» Dataset content
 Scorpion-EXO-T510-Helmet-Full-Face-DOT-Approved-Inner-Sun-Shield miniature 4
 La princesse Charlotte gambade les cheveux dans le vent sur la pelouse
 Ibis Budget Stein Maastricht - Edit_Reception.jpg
...
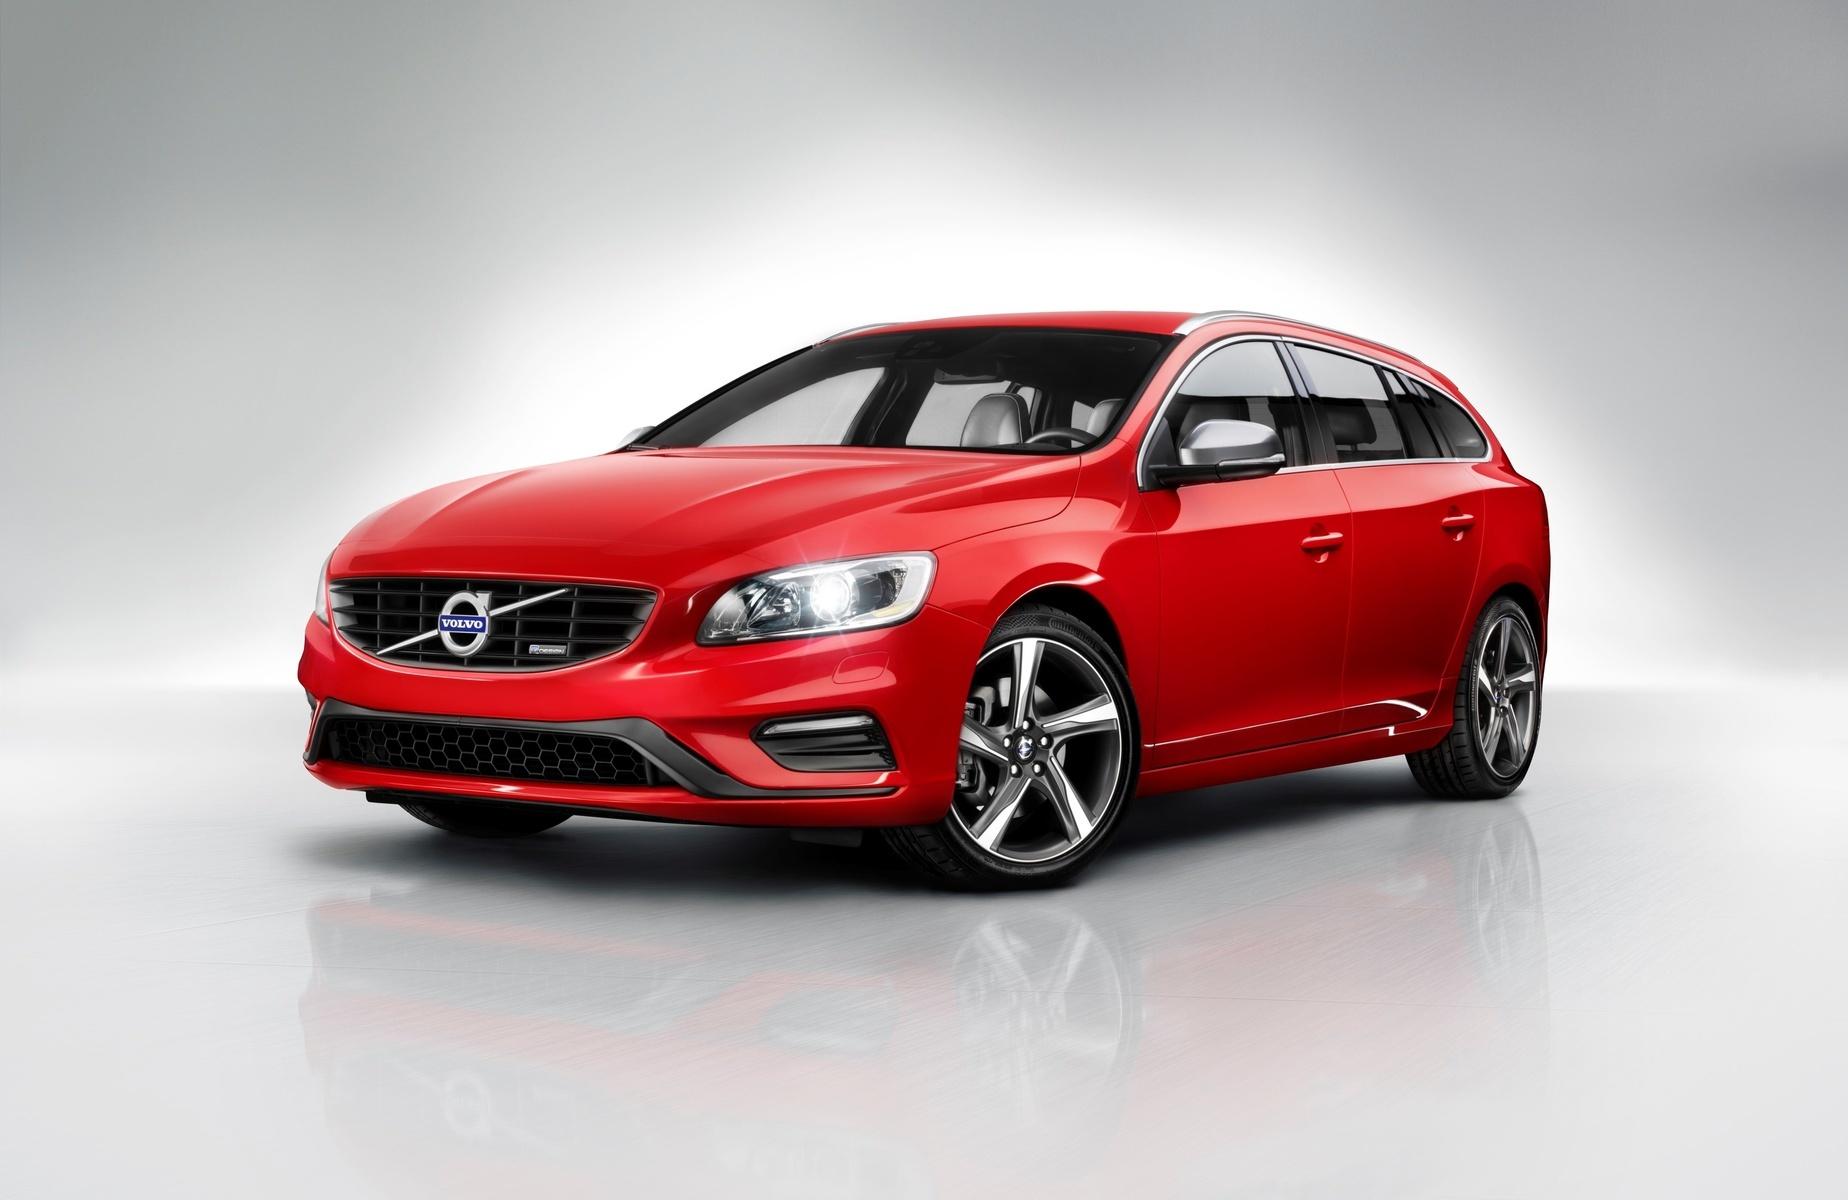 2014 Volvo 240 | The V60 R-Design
---
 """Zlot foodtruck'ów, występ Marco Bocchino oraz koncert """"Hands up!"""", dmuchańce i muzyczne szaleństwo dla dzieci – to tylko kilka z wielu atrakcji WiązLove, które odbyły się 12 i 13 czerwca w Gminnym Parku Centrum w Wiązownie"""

» What the task requires
Restate word for word the entries above from the line with "La princesse Charlotte" through the line with "Ibis Budget Stein", inclusive, leaving out everything else.

» Response to this exercise
 La princesse Charlotte gambade les cheveux dans le vent sur la pelouse
 Ibis Budget Stein Maastricht - Edit_Reception.jpg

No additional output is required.